Akankah al-Qaida di Anak Benua India Mendapatkan Dukungan di India?  – Sang Diplomat
Security

Akankah al-Qaida di Anak Benua India Mendapatkan Dukungan di India? – Sang Diplomat

Pada 31 Agustus tahun lalu, beberapa jam setelah pasukan terakhir AS di Afghanistan ditarik keluar dari negara itu, al-Qaida mengeluarkan pernyataan yang memberi selamat kepada Taliban atas kemenangan mereka. Kemudian menyerukan “jihad global” untuk membebaskan Kashmir, Somalia, Yaman, dan “tanah Islam” lainnya dari “cengkeraman musuh Islam.”

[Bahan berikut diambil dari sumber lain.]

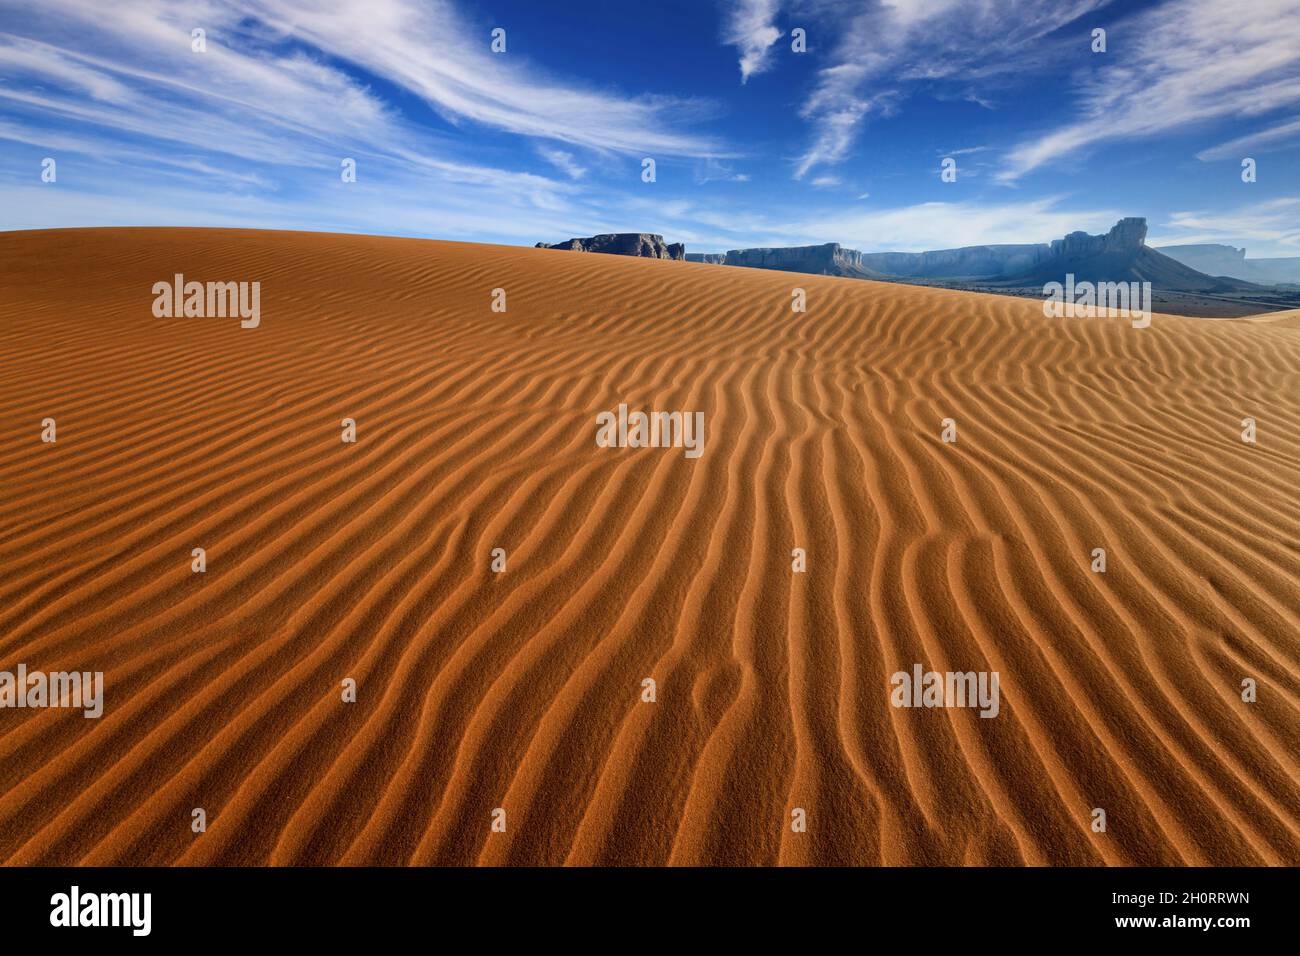 Close-up of ripples on sand dunes in the desert, Saudi Arabia Stock Photo

Meskipun al-Qaida telah gagal membuat terobosan di kalangan Muslim India sejauh ini, pernyataan tersebut, bersama dengan perebutan kekuasaan oleh Taliban di Afghanistan—dan, sebagai hasilnya, kemenangan Pakistan atas India dalam pertempuran untuk mendapatkan pengaruh di Afghanistan—meningkatkan kekhawatiran di India. pembentukan keamanan. Akankah perkembangan tersebut memacu militansi Islam di India?

Meskipun pendiri al-Qaida Osama bin Laden memang membuat referensi ke Jammu dan Kashmir serta Assam pada awal tahun 1996, fokusnya terutama di Timur Tengah, Afrika, dan Pakistan. Tapi setelah kematian bin Laden, penggantinya Ayman al-Zawahiri “memulai reorganisasi al-Qaida, dengan fokus utamanya di Asia Selatan.”

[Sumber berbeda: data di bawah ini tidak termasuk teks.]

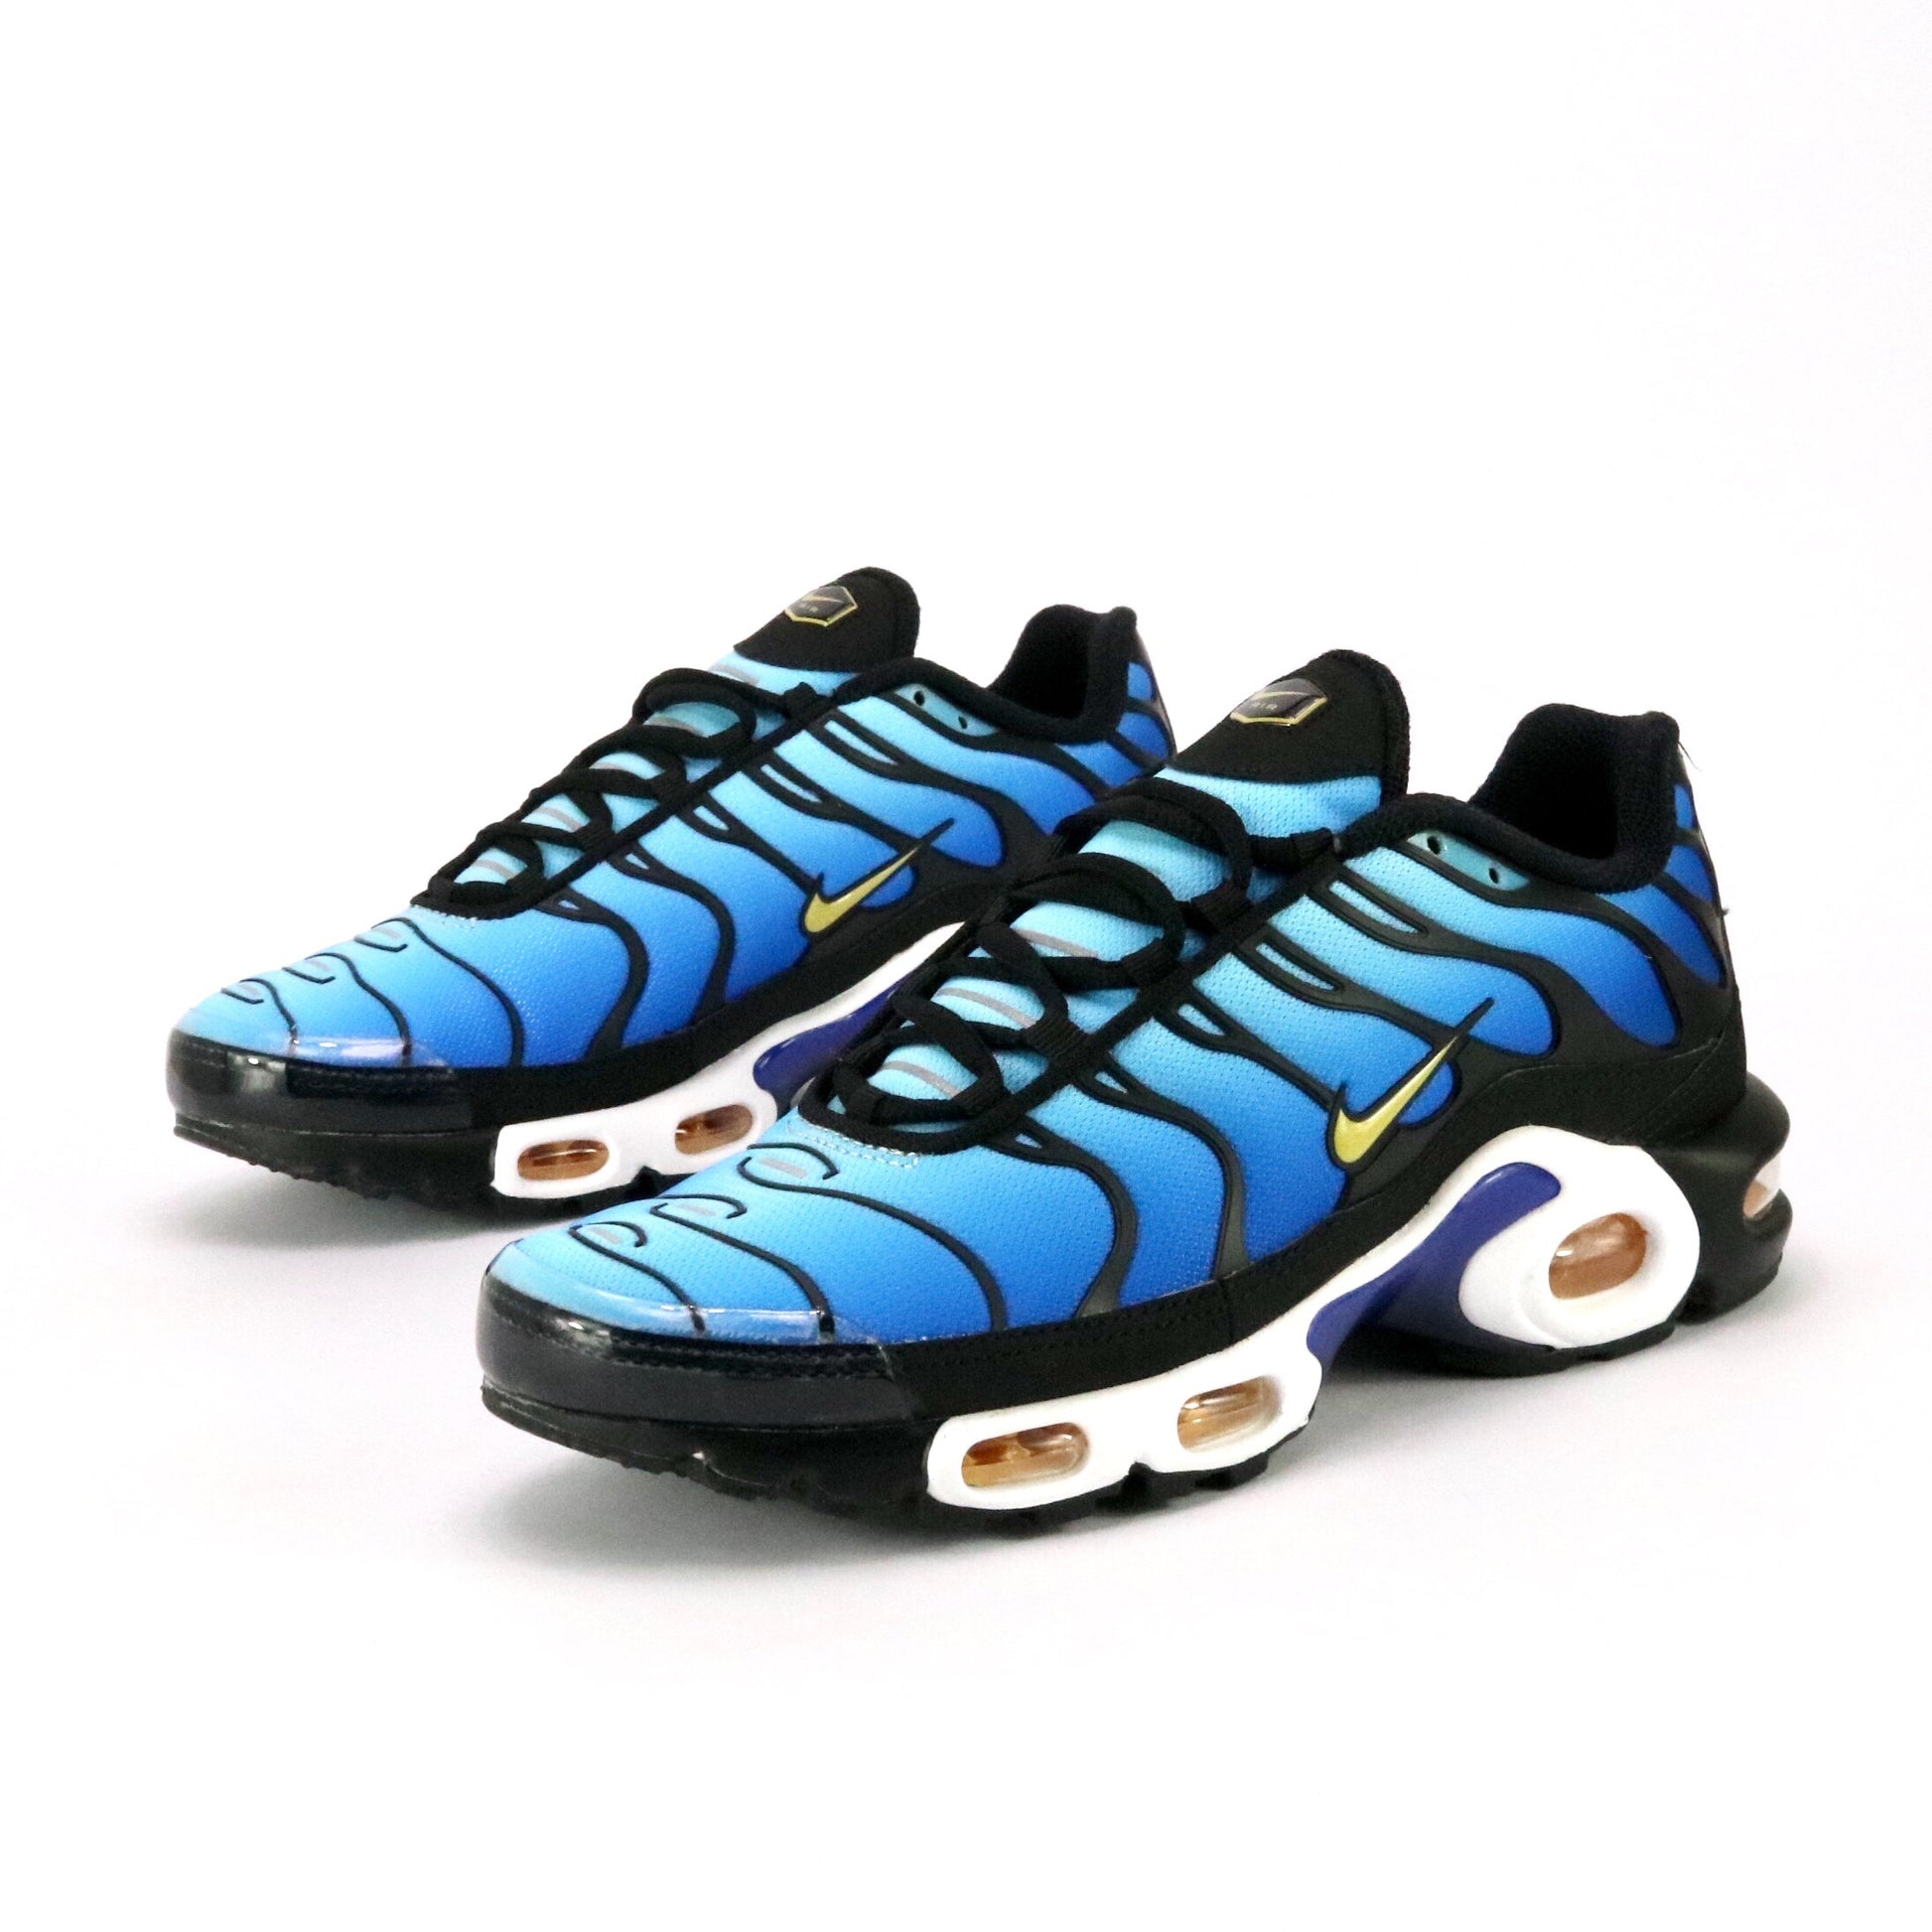 Nike Air Max Plus III Men’s Shoe - Black/Hyper Blue/White/Chamois - 10

Pada bulan September 2014, al-Zawahiri memberikan bentuk konkret untuk fokus ini dengan secara resmi mendirikan babak baru di wilayah tersebut, “Qaida al-Jihad di Anak Benua India” (al-Qaida di Anak Benua India, atau AQIS). Asim Omar, seorang warga negara India, ditunjuk sebagai pemimpin kelompok itu amir (kepala) dengan maksud untuk mendirikan “syariah di tanah” [of South Asia] dan untuk membebaskan tanah Muslim yang diduduki di anak benua India.” Tujuan AQIS adalah untuk membawa Afghanistan, India, Pakistan, Bangladesh, dan Burma (Myanmar) di bawah satu penguasa dengan mengibarkan bendera jihad.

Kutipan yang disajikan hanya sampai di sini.